[PROBLEM DESCRIPTION] Starting with the line that contains "Toyota Camry Electric Hybrid 2021 (11)" and ending with the last line of the listing, print each line exactly. Pictures stay out.

[STORED DATA]

--------

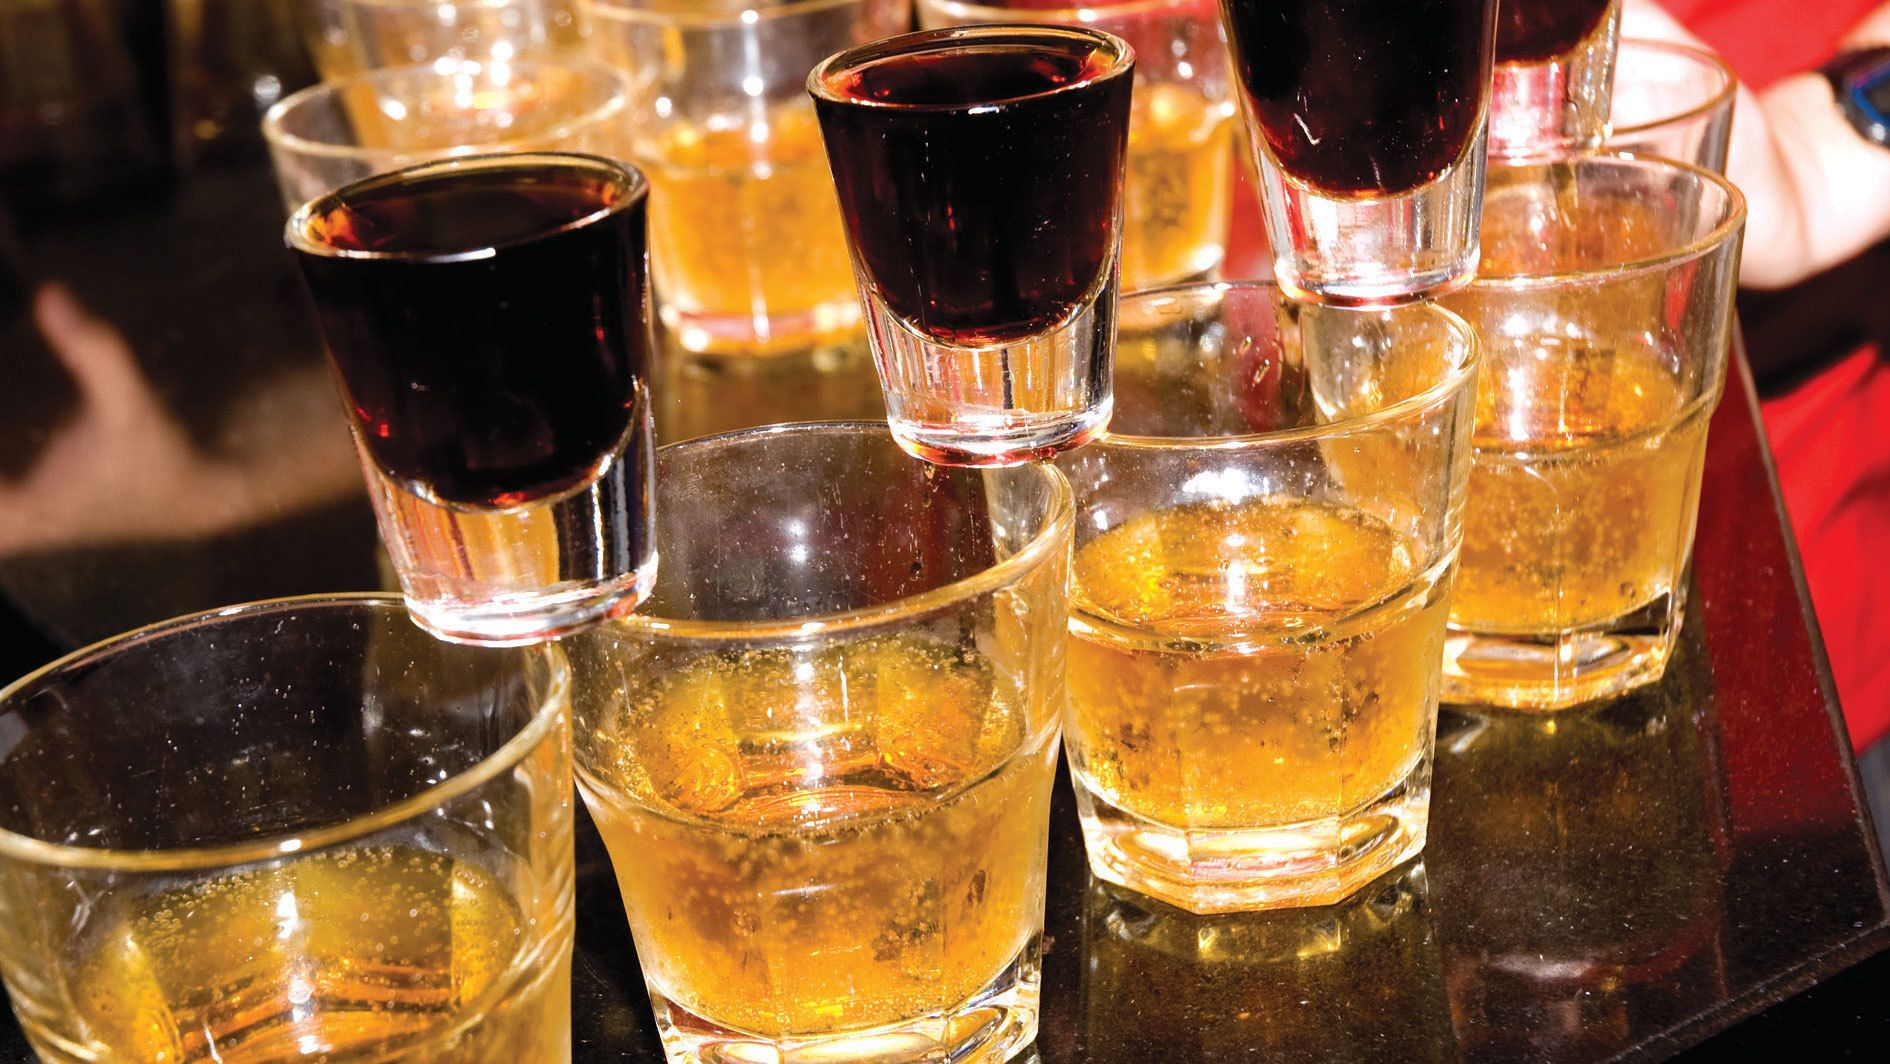 Cibo, bevande e vita notturna
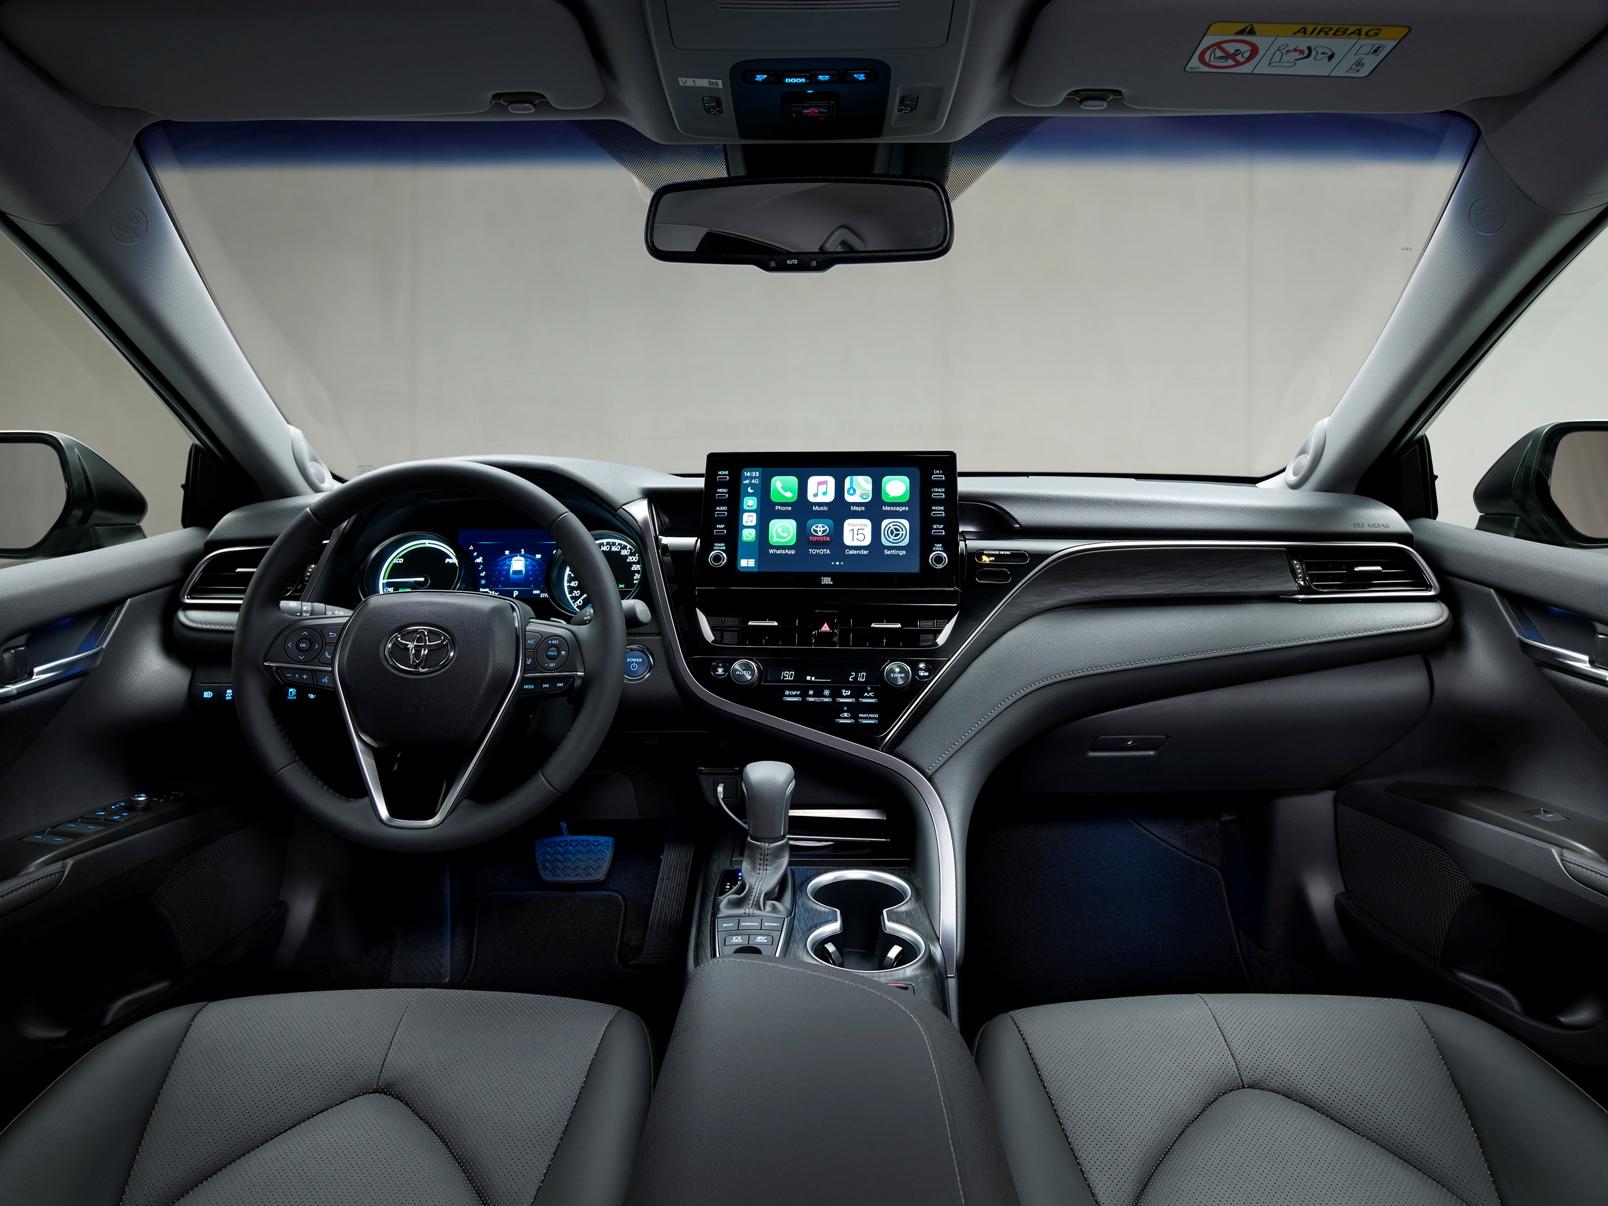 Toyota Camry Electric Hybrid 2021 (11)
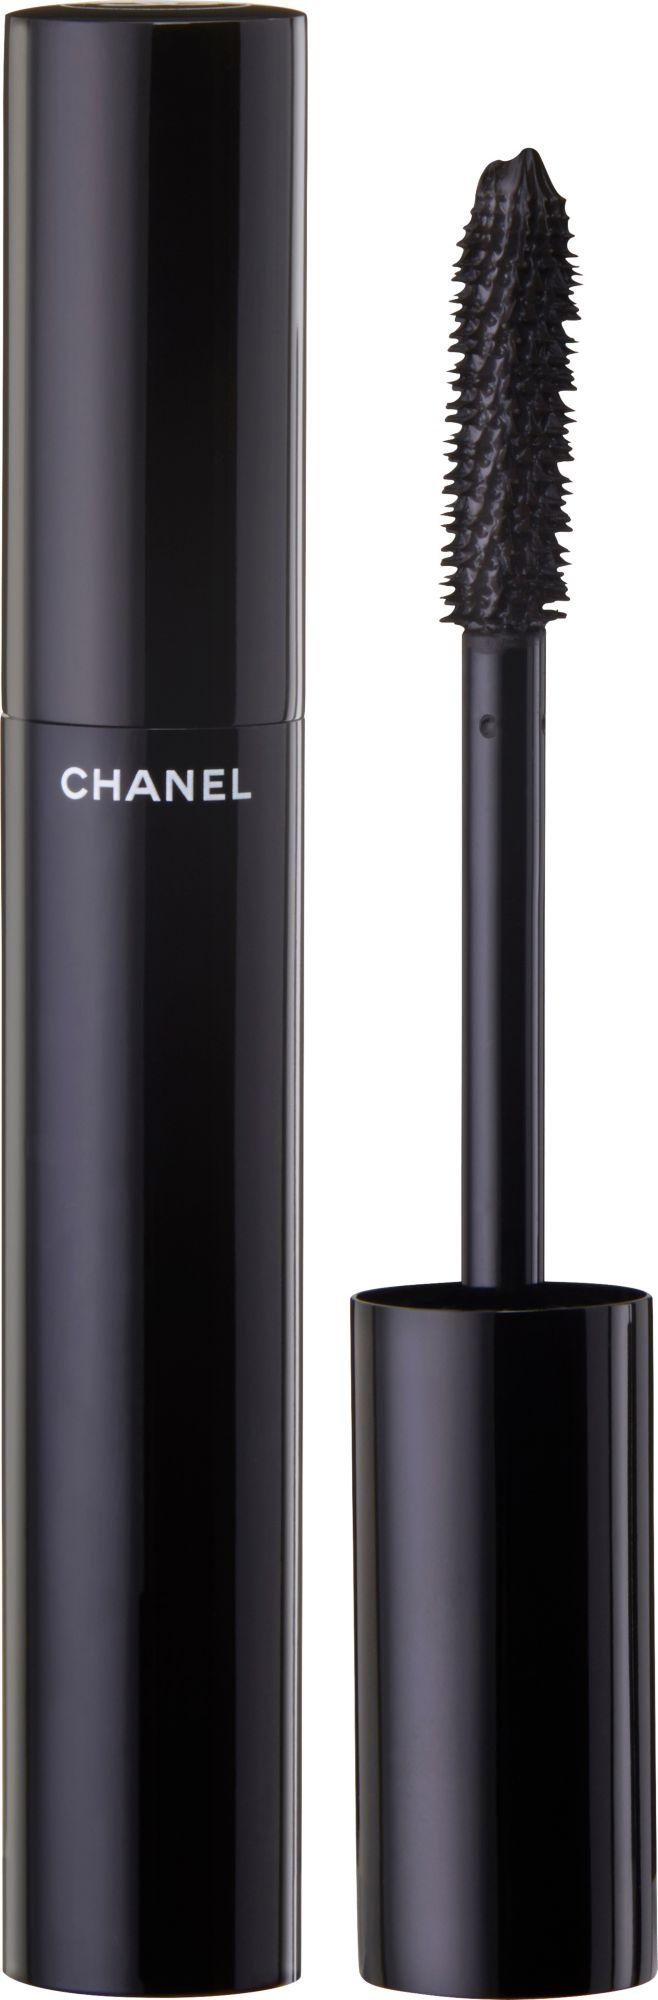 CHANEL Chanel, »Le Volume de Chanel«, Mascara
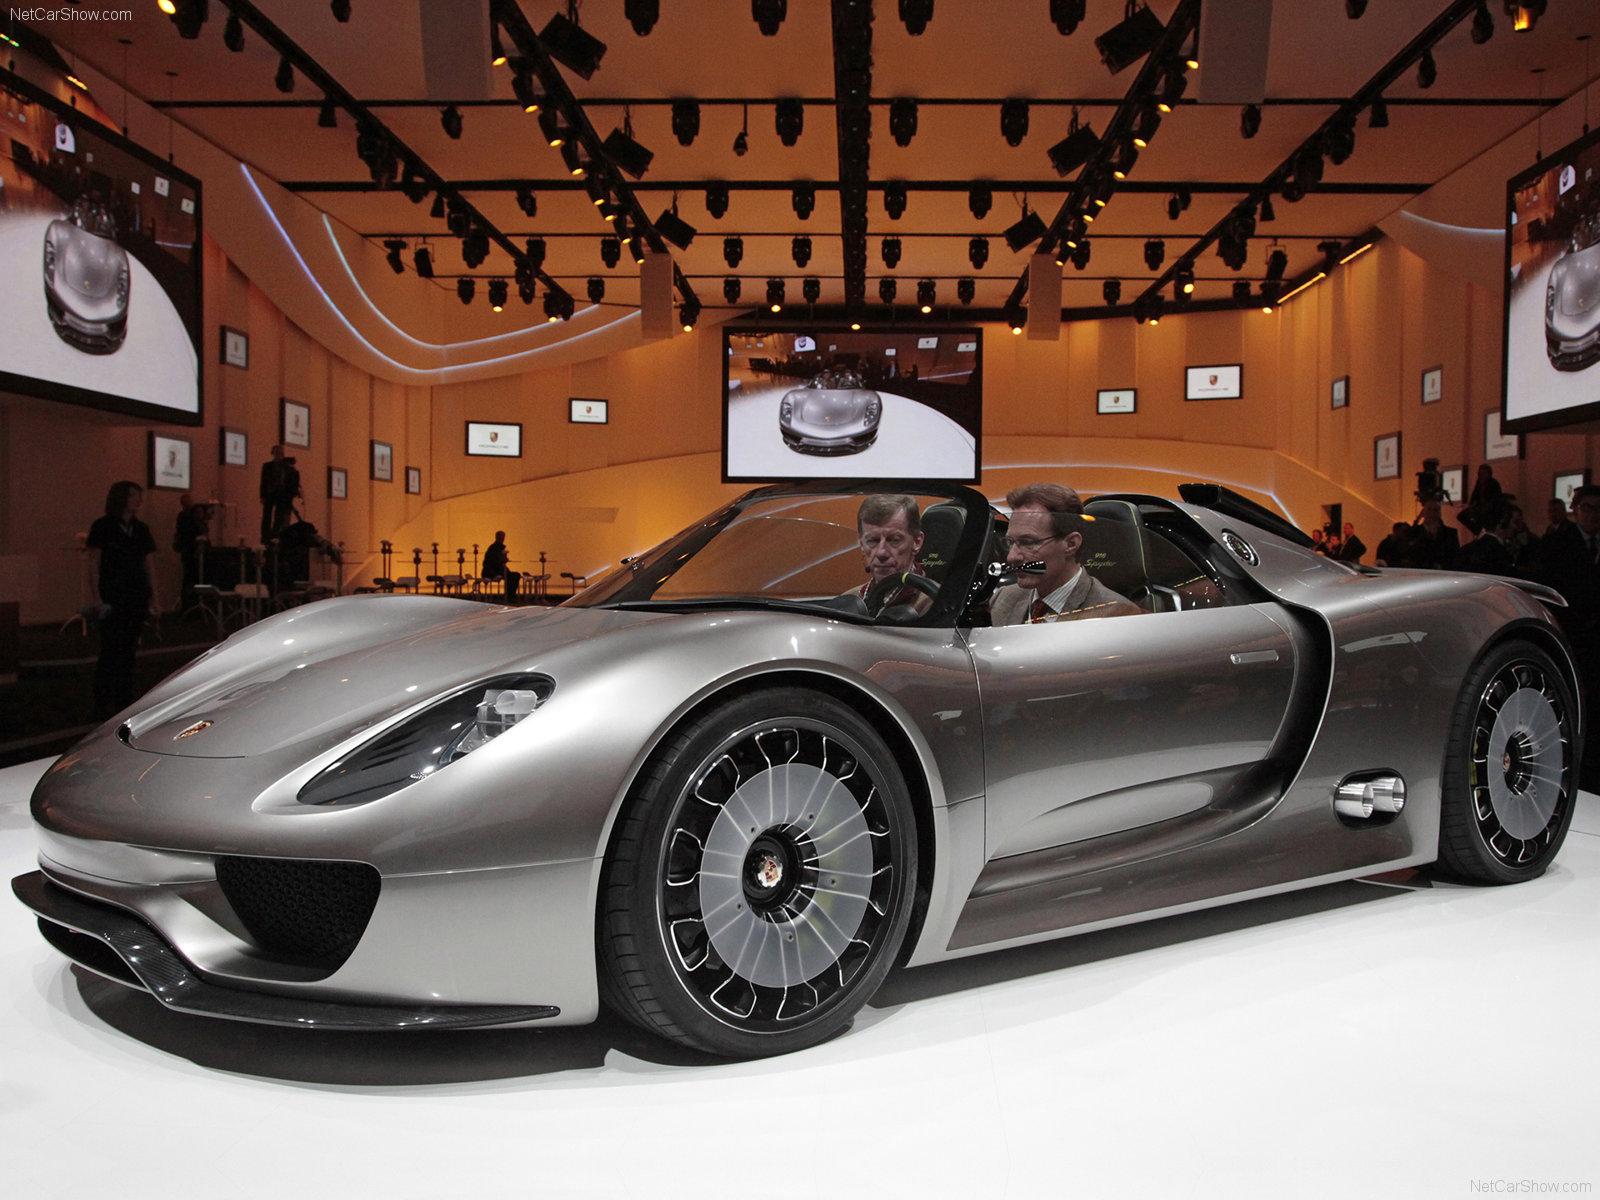 Porsche-918_Spyder_Concept_2010_1600x1200_wallpaper_0c Gorgeous How Much is the Porsche 918 Spyder Concept In Real Racing 3 Cars Trend

--------

[SOLUTION FOR THIS EXERCISE]
 Toyota Camry Electric Hybrid 2021 (11)
 CHANEL Chanel, »Le Volume de Chanel«, Mascara
 Porsche-918_Spyder_Concept_2010_1600x1200_wallpaper_0c Gorgeous How Much is the Porsche 918 Spyder Concept In Real Racing 3 Cars Trend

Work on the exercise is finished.